HTML Scraping or Surviving Orrible Corporate Tools


Enrico Spinielli


February 7, 2015

At work I have to fill my weekly timesheet. We use Planisware’s Timecard to record time spent on the various projects we are assigned to work on.

So you need to known what the total working time is for the day. For that our badging in and out is recorded and passed to Chronogestor which does sums them up and provides both a sexagesimal and decimal format.

When there is an anomaly the sums are blocked till the request you submitted to fix it is implemented… So I thought I could do some web scraping and extract my clockings from the relevant CG’s page, make the total for the day (in decimal form: in Timecard we record time in decimal form, i.e. 3.5 is 3 hours and 30 minutes.) and fill Timecard.

HTML Scraping to the rescue

Let’s take the page for the weekly clockings (in case of anomalies the rows like “Temps pointe” / “Temps valide” are empty):


I initially tried with some Python examples using lxml but got stuck. CG complaines if you are using Google Chrome (and the tools above use Webkit, the web browser engine, behind the scene).
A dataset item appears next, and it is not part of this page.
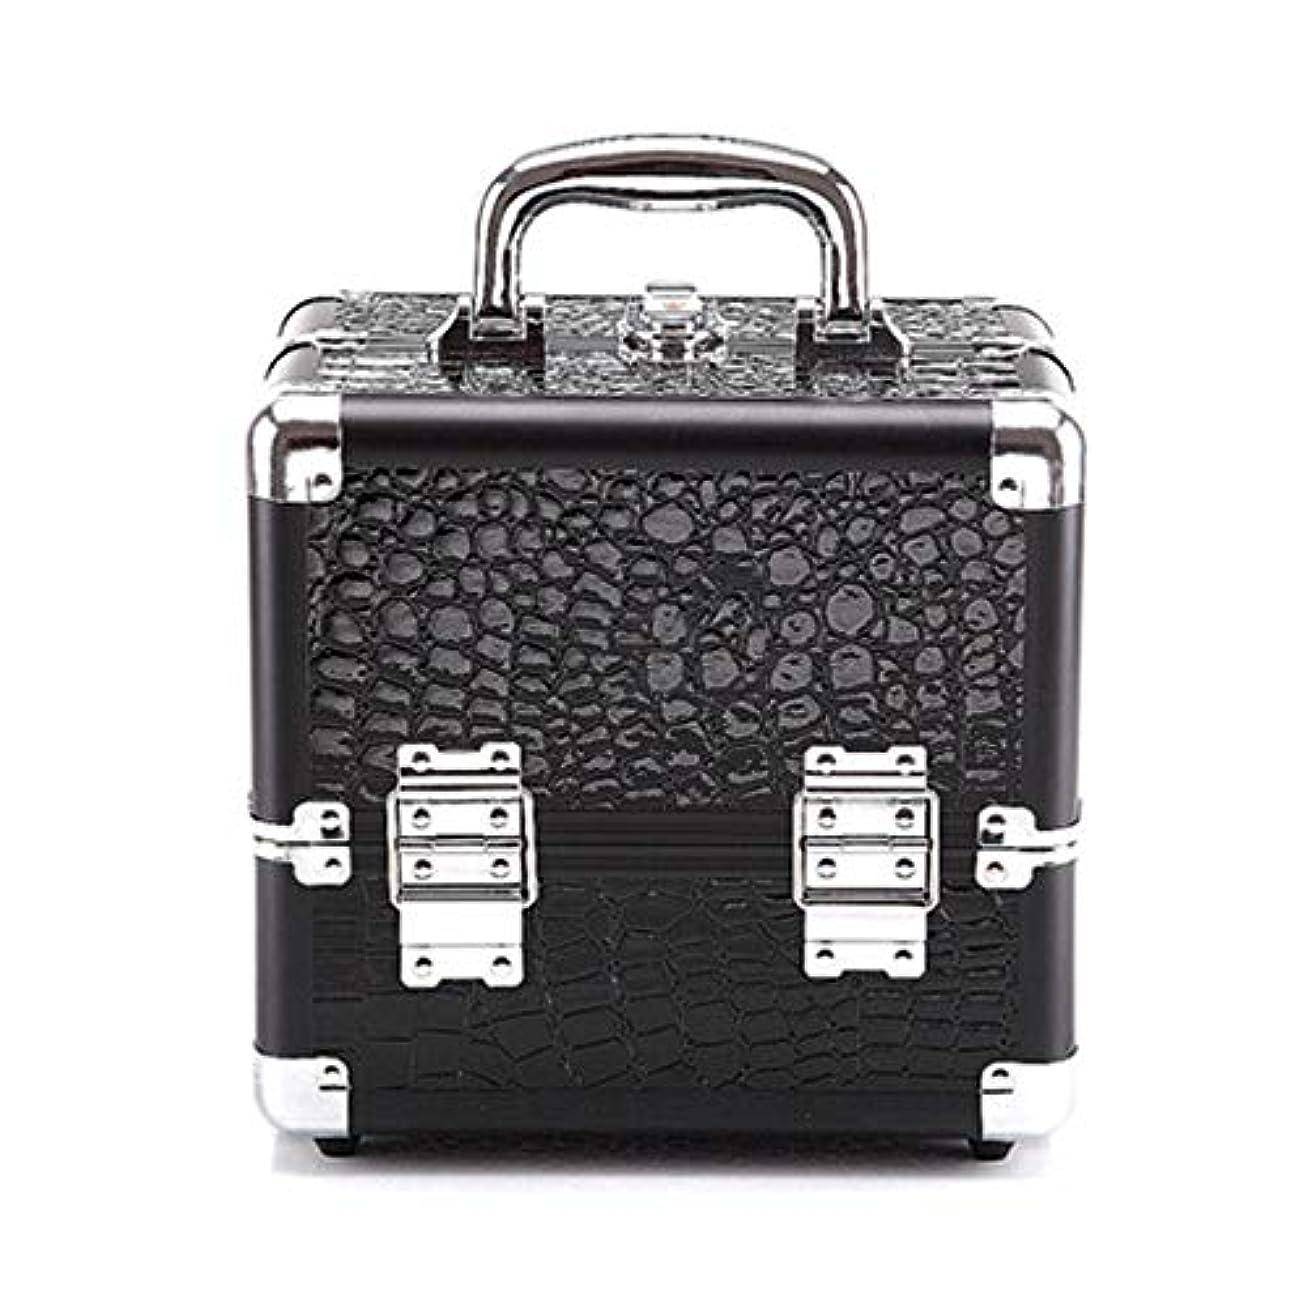 寛容移行する変更可能コスメボックス メイク用品収納 クロコダイルパターンストレージ美容ボックスメイクアップネイルジュエリー化粧品バニティケース 大容量 化粧品収納ボックス 収納ケース (色 : Black(S))

Also I soon realized CG does a lot of rendering via Javascript while I initially assumed it would have been a simple HTML page with a static table for the clockings. (This would have been to simple to implement! What a mess!)

I decided to go for SlimerJS the scriptable browser that runs on top of Gecko, the web engine of Mozilla Firefox. (PhantomJS is the equivalent for Blink/WebKit used in Google Chrome.)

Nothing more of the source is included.